Find the line with "20 houndstooth pattern" and the line with "Andrew Schmenger and" in the entries below; output exactly those two lines, every line between them, and no others.

* _DATA FOR THIS TASK_:
=-=-=-=-=
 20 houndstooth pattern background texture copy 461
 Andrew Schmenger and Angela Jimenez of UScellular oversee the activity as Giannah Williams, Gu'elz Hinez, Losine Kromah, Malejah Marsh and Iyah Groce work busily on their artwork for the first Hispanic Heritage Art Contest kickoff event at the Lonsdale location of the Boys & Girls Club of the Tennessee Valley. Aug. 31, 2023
=-=-=-=-=
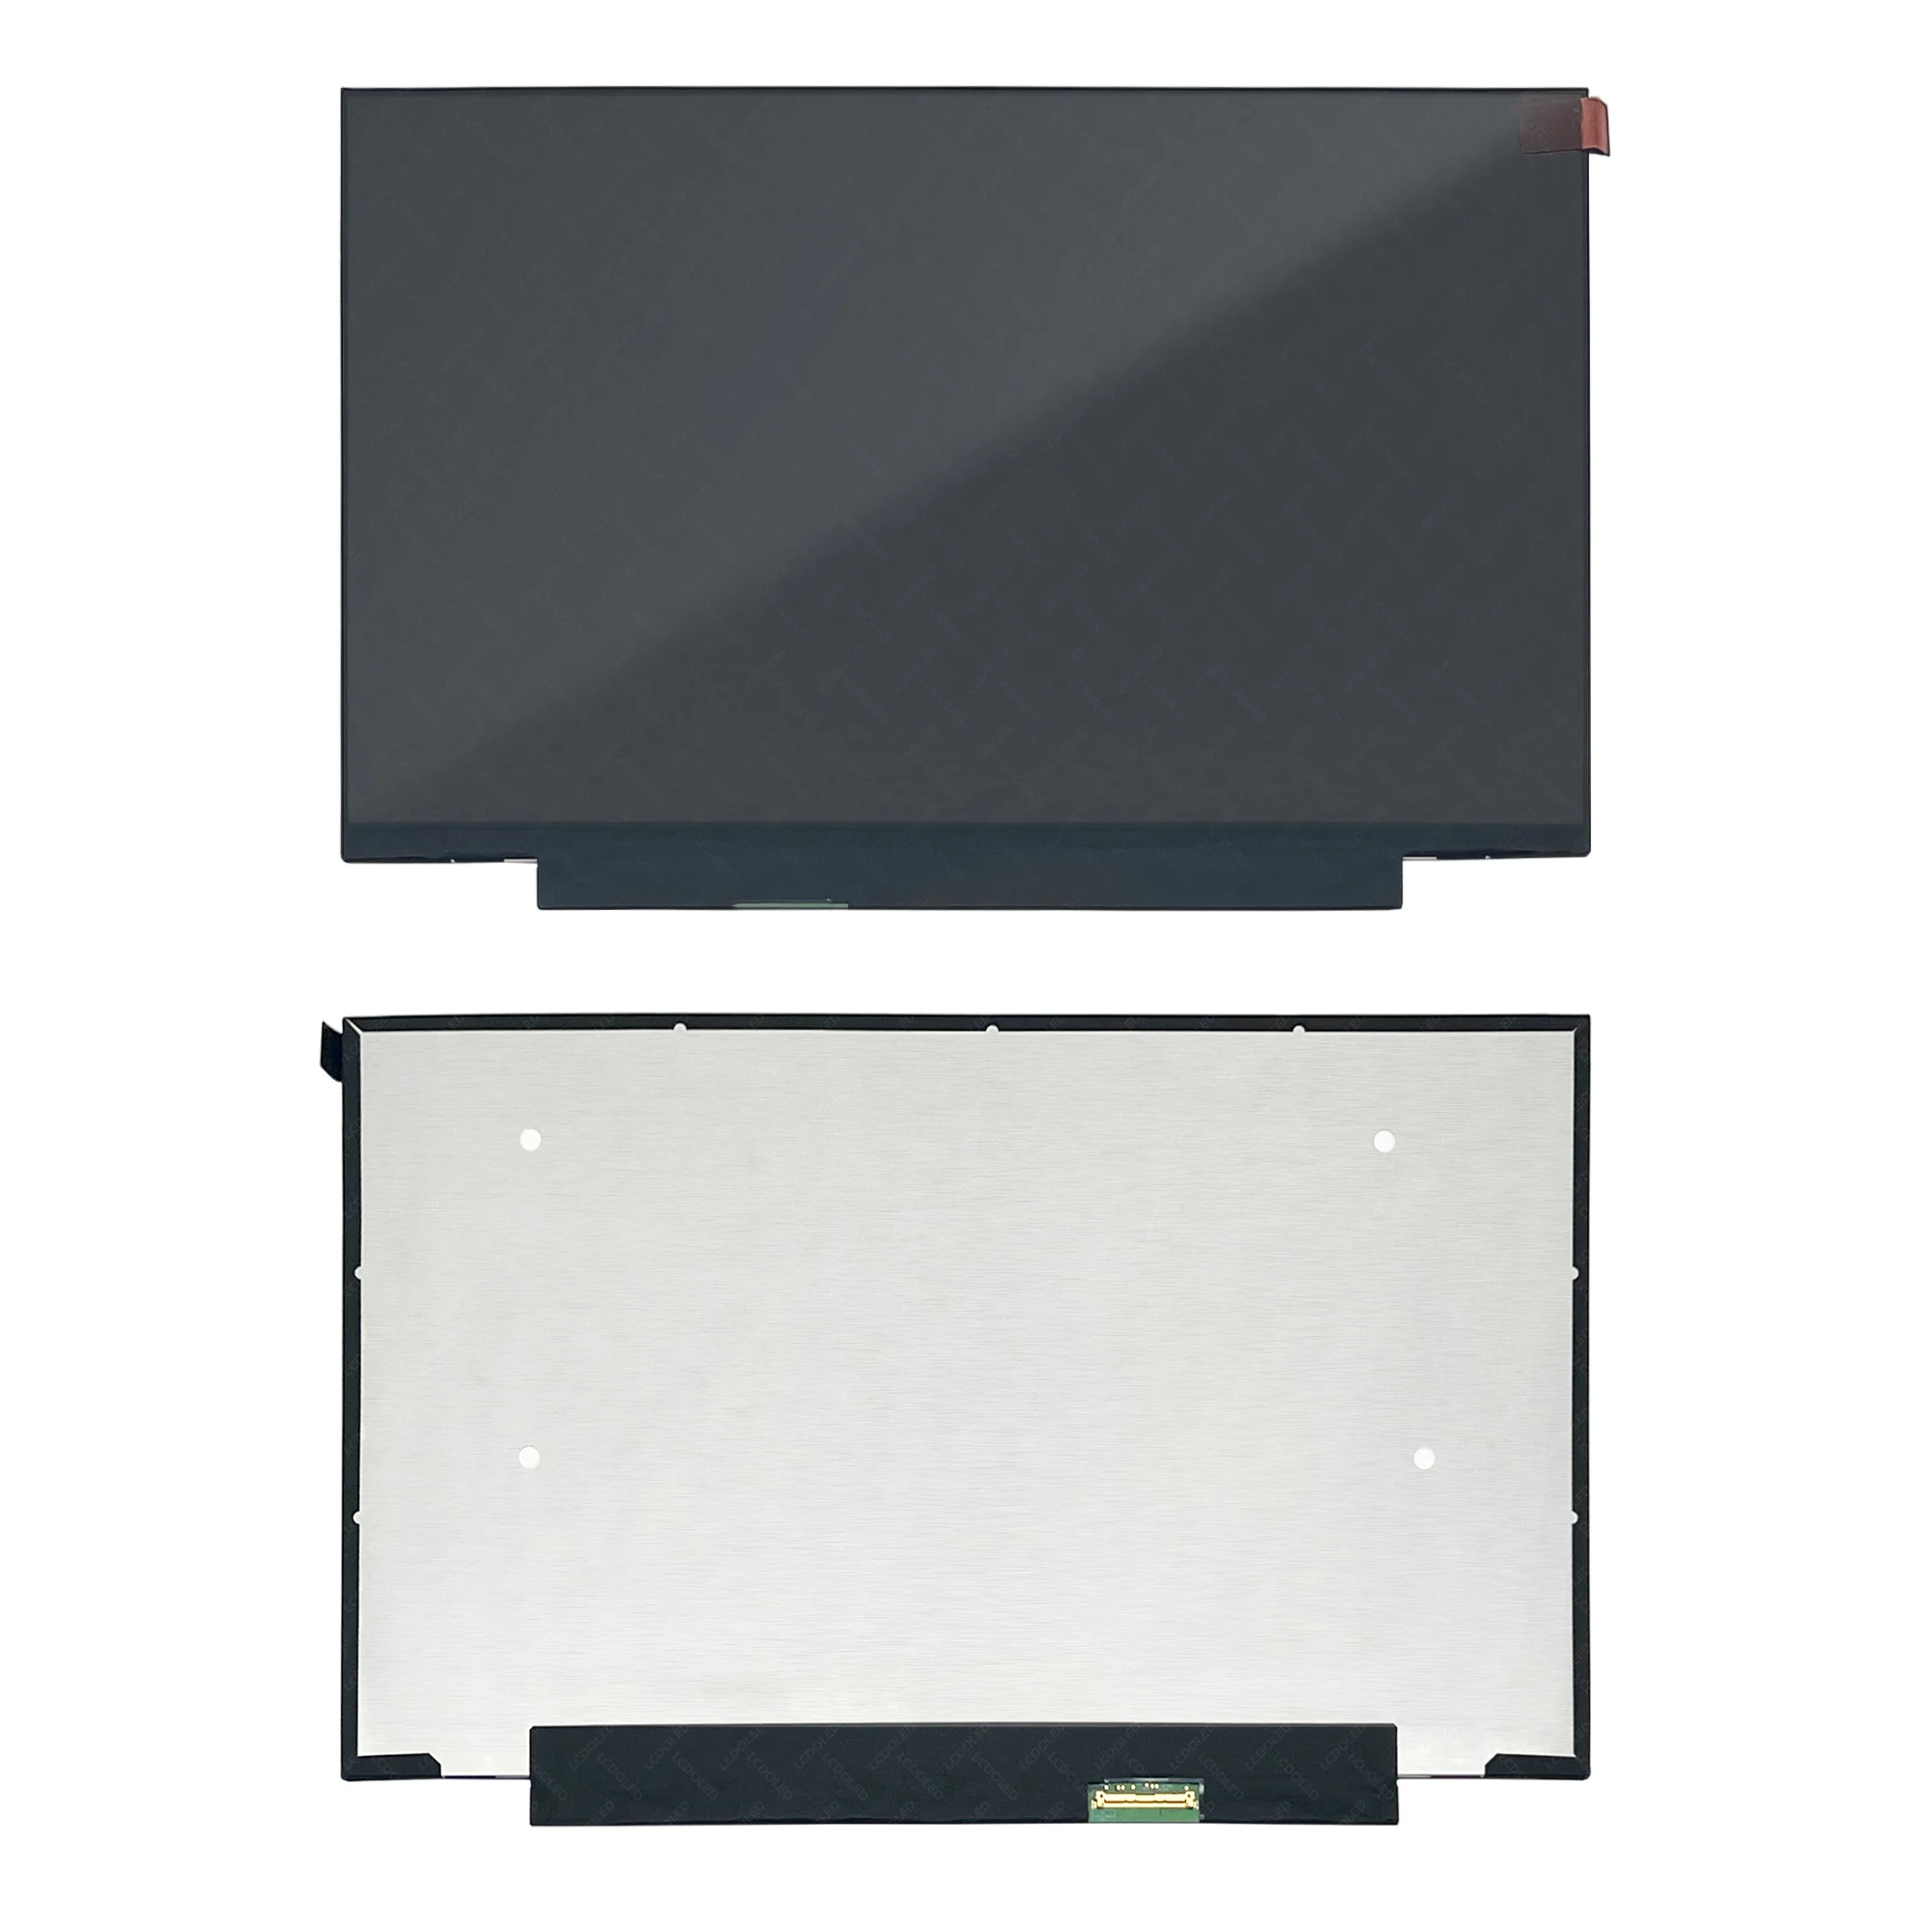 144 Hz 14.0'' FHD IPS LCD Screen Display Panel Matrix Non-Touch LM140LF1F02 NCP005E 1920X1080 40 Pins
=-=-=-=-=
* _EXERCISE RESPONSE_:
 20 houndstooth pattern background texture copy 461
 Andrew Schmenger and Angela Jimenez of UScellular oversee the activity as Giannah Williams, Gu'elz Hinez, Losine Kromah, Malejah Marsh and Iyah Groce work busily on their artwork for the first Hispanic Heritage Art Contest kickoff event at the Lonsdale location of the Boys & Girls Club of the Tennessee Valley. Aug. 31, 2023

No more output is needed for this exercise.